### Exercise instructions
Repeat each line of the data below exactly, but skip the pictures.
The data below:
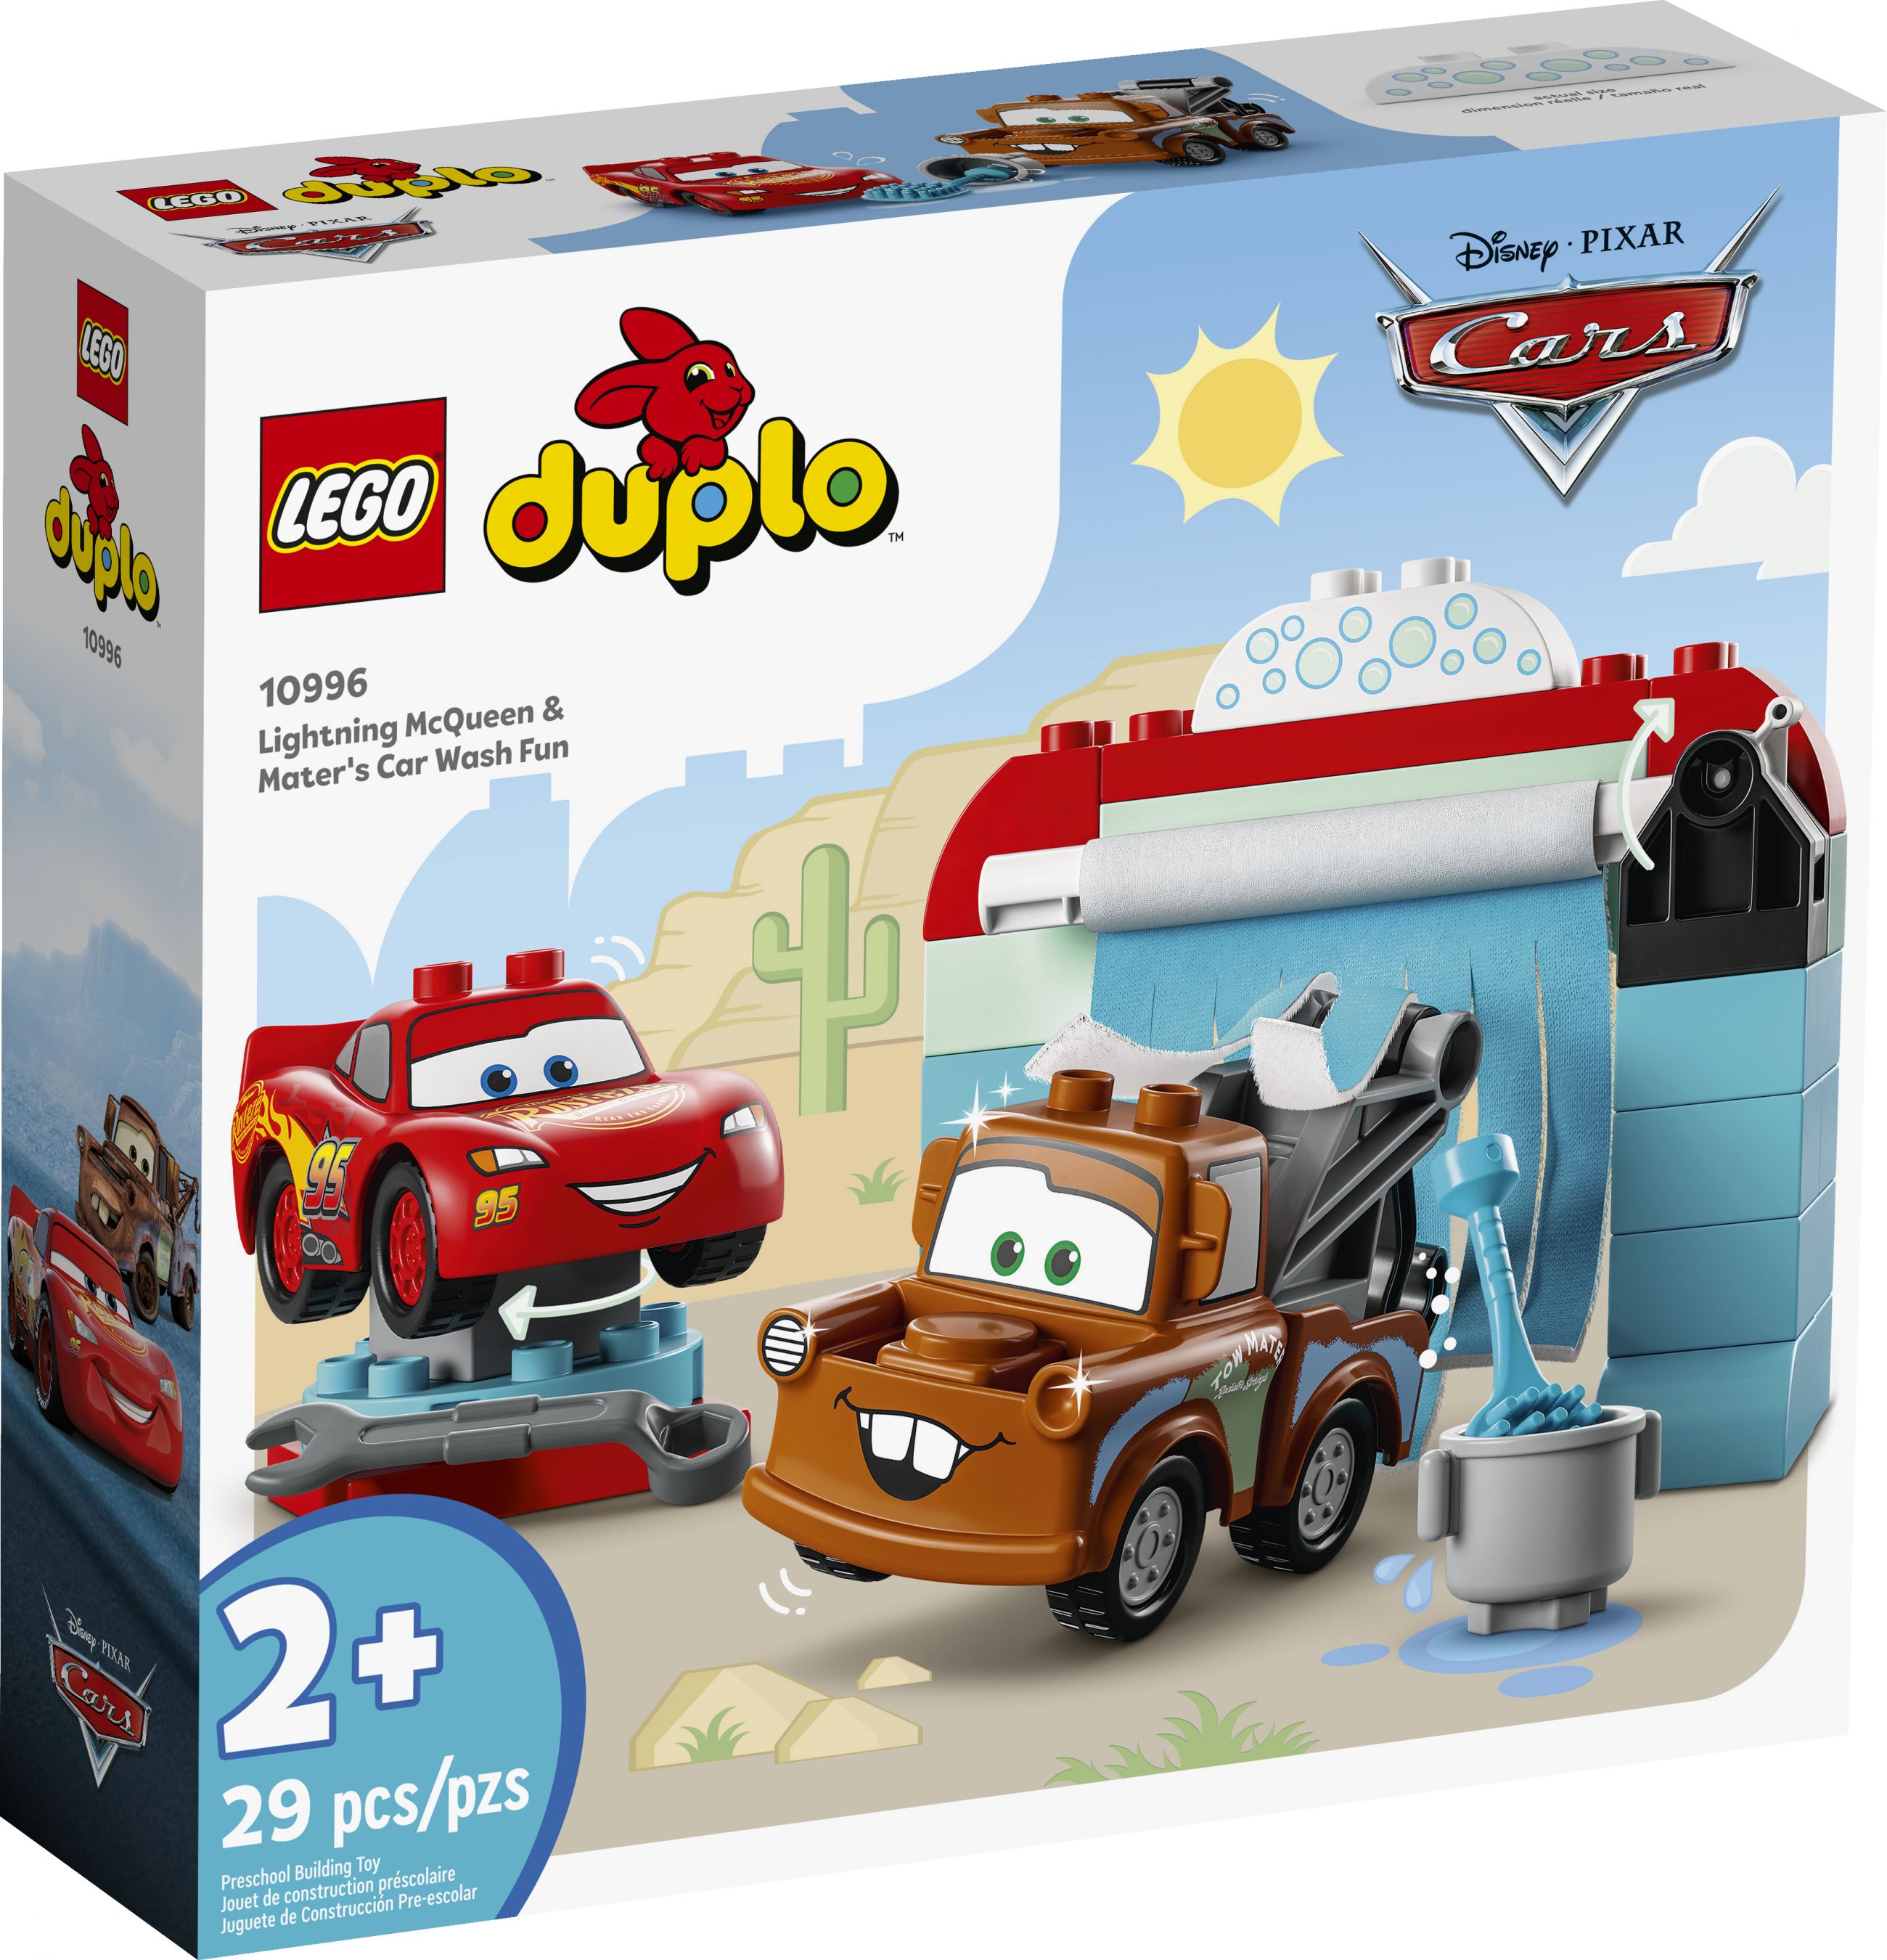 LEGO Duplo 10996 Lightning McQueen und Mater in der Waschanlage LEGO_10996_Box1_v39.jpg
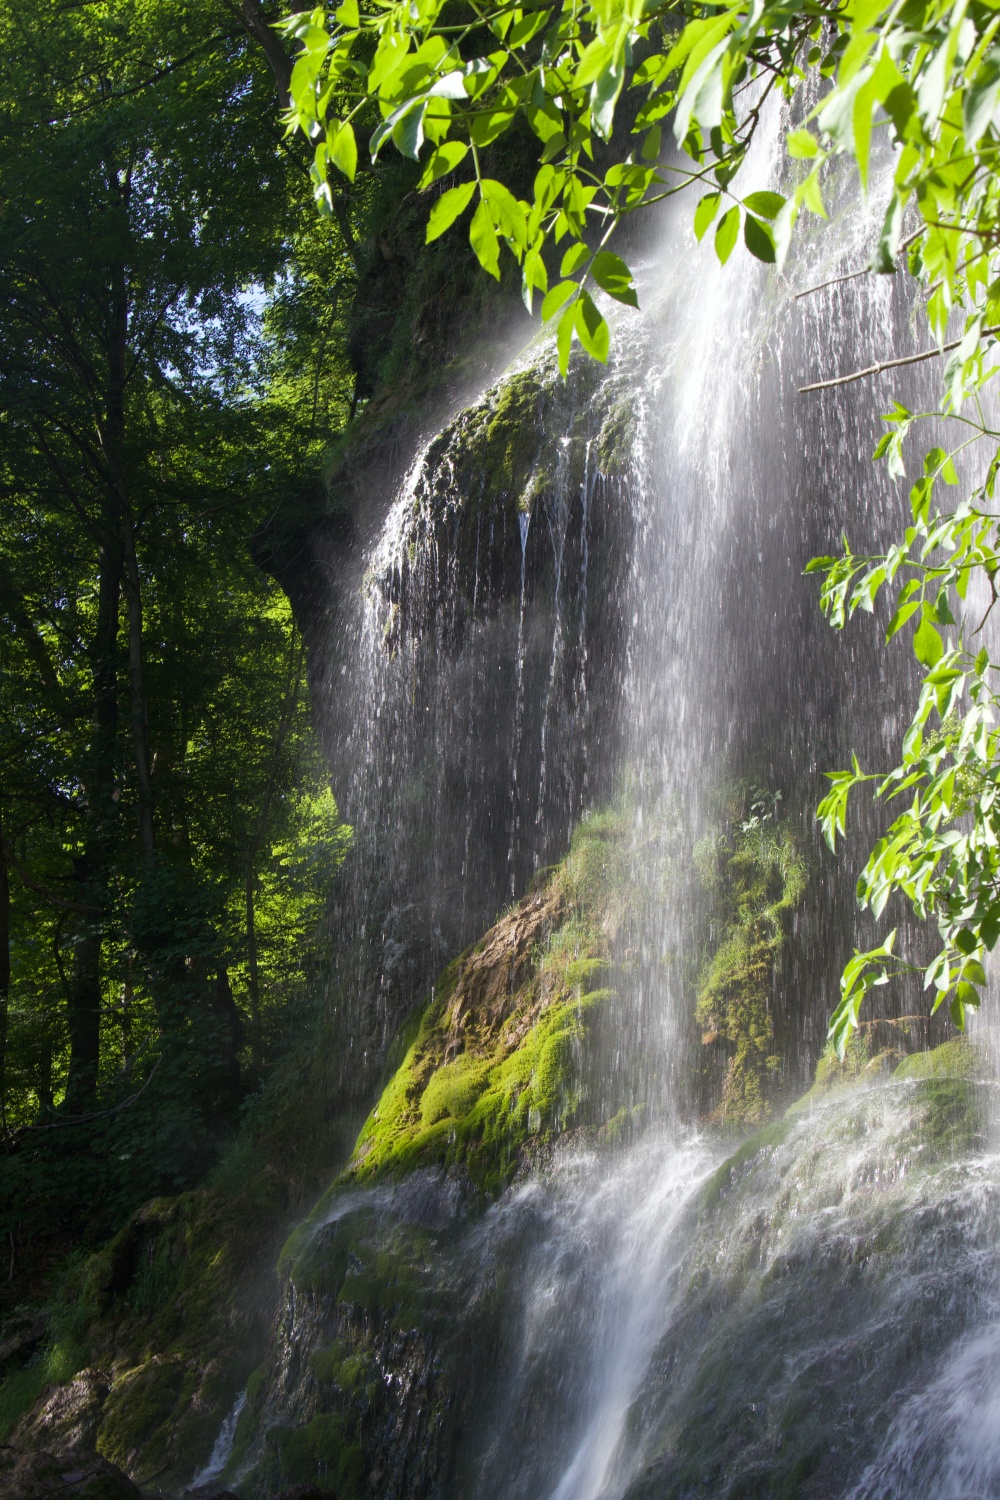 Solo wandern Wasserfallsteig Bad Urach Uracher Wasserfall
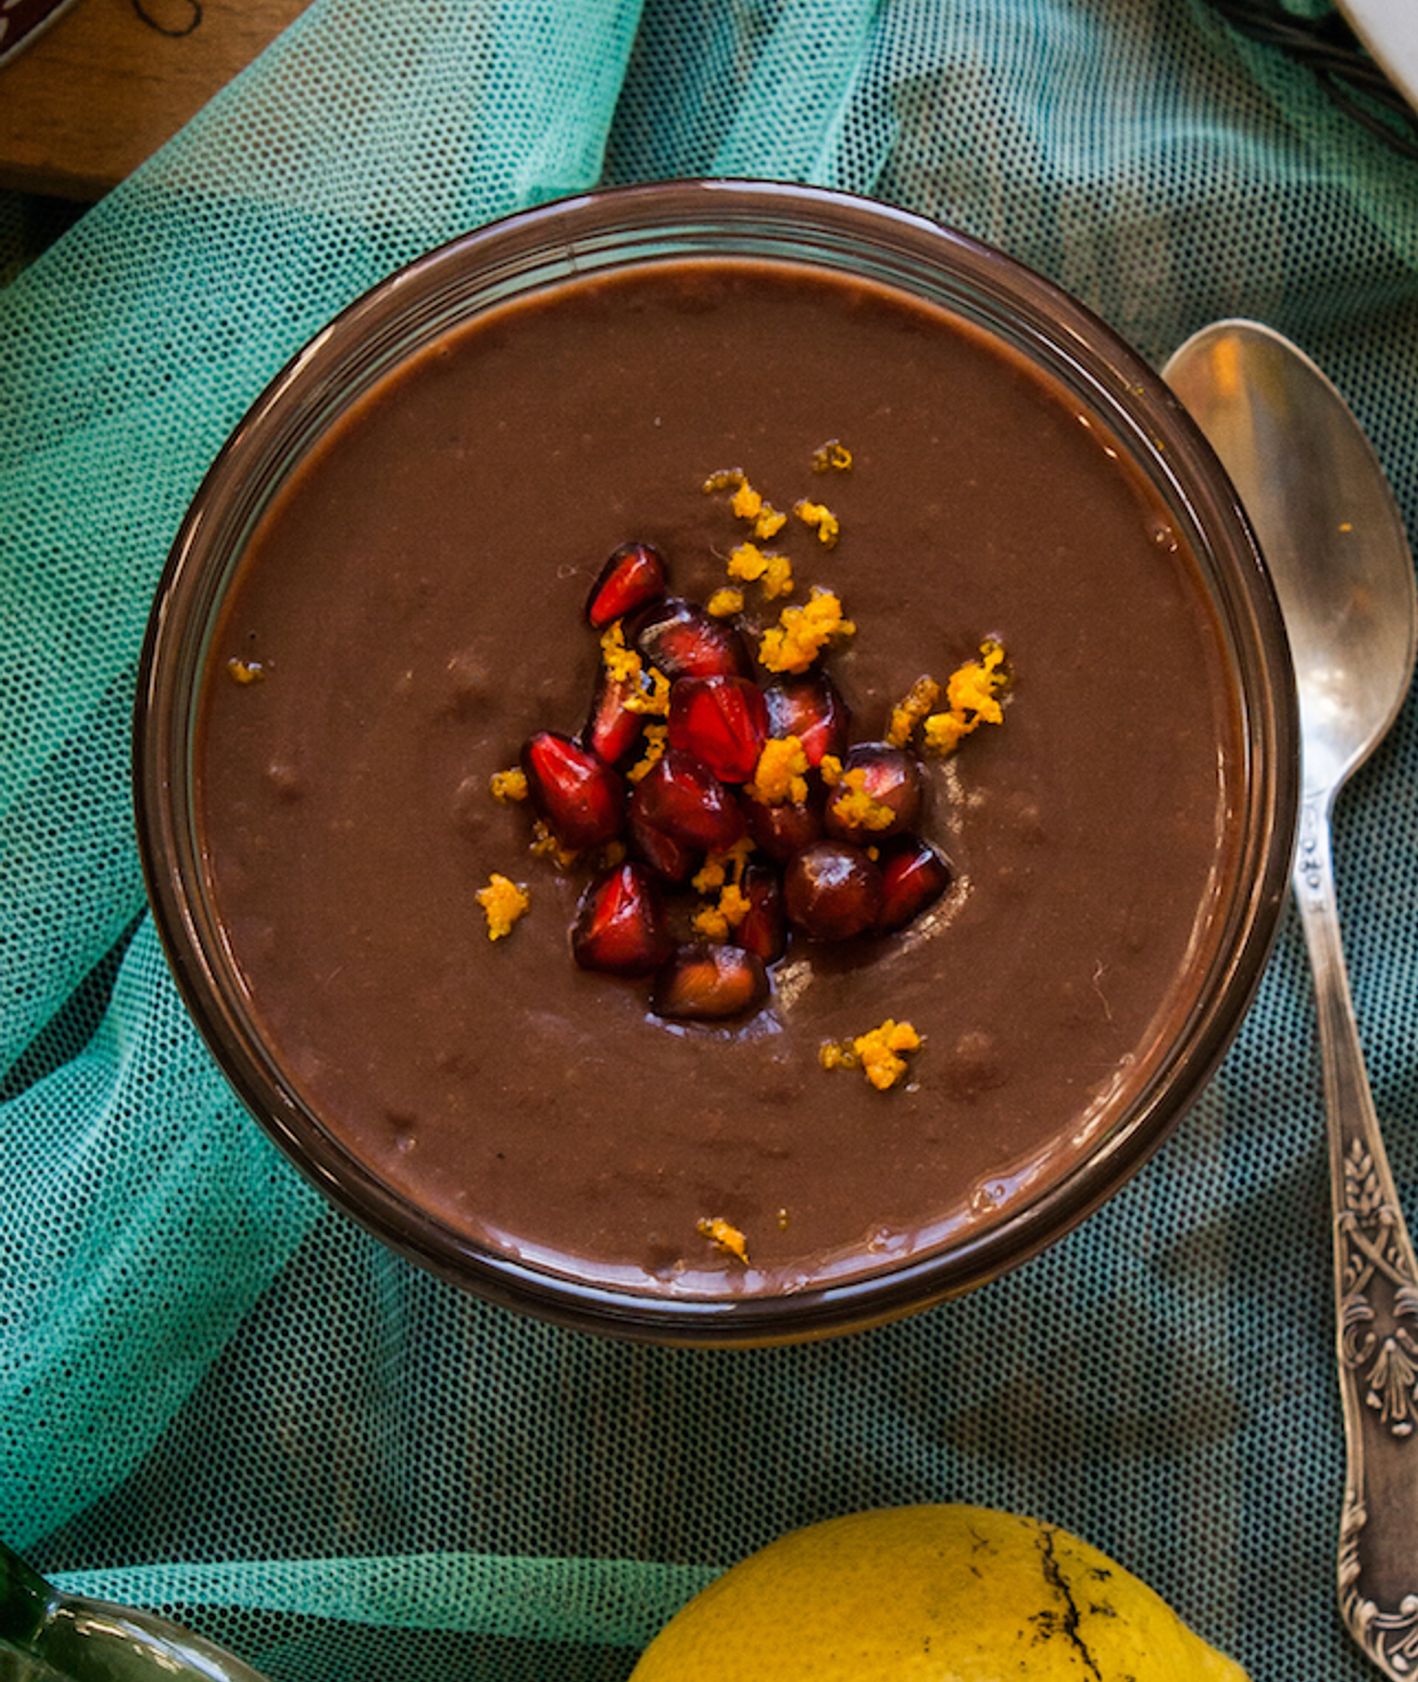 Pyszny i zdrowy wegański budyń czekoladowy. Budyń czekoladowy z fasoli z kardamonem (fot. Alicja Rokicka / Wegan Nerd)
End of The data.
### Result of the task
 LEGO Duplo 10996 Lightning McQueen und Mater in der Waschanlage LEGO_10996_Box1_v39.jpg
 Solo wandern Wasserfallsteig Bad Urach Uracher Wasserfall
 Pyszny i zdrowy wegański budyń czekoladowy. Budyń czekoladowy z fasoli z kardamonem (fot. Alicja Rokicka / Wegan Nerd)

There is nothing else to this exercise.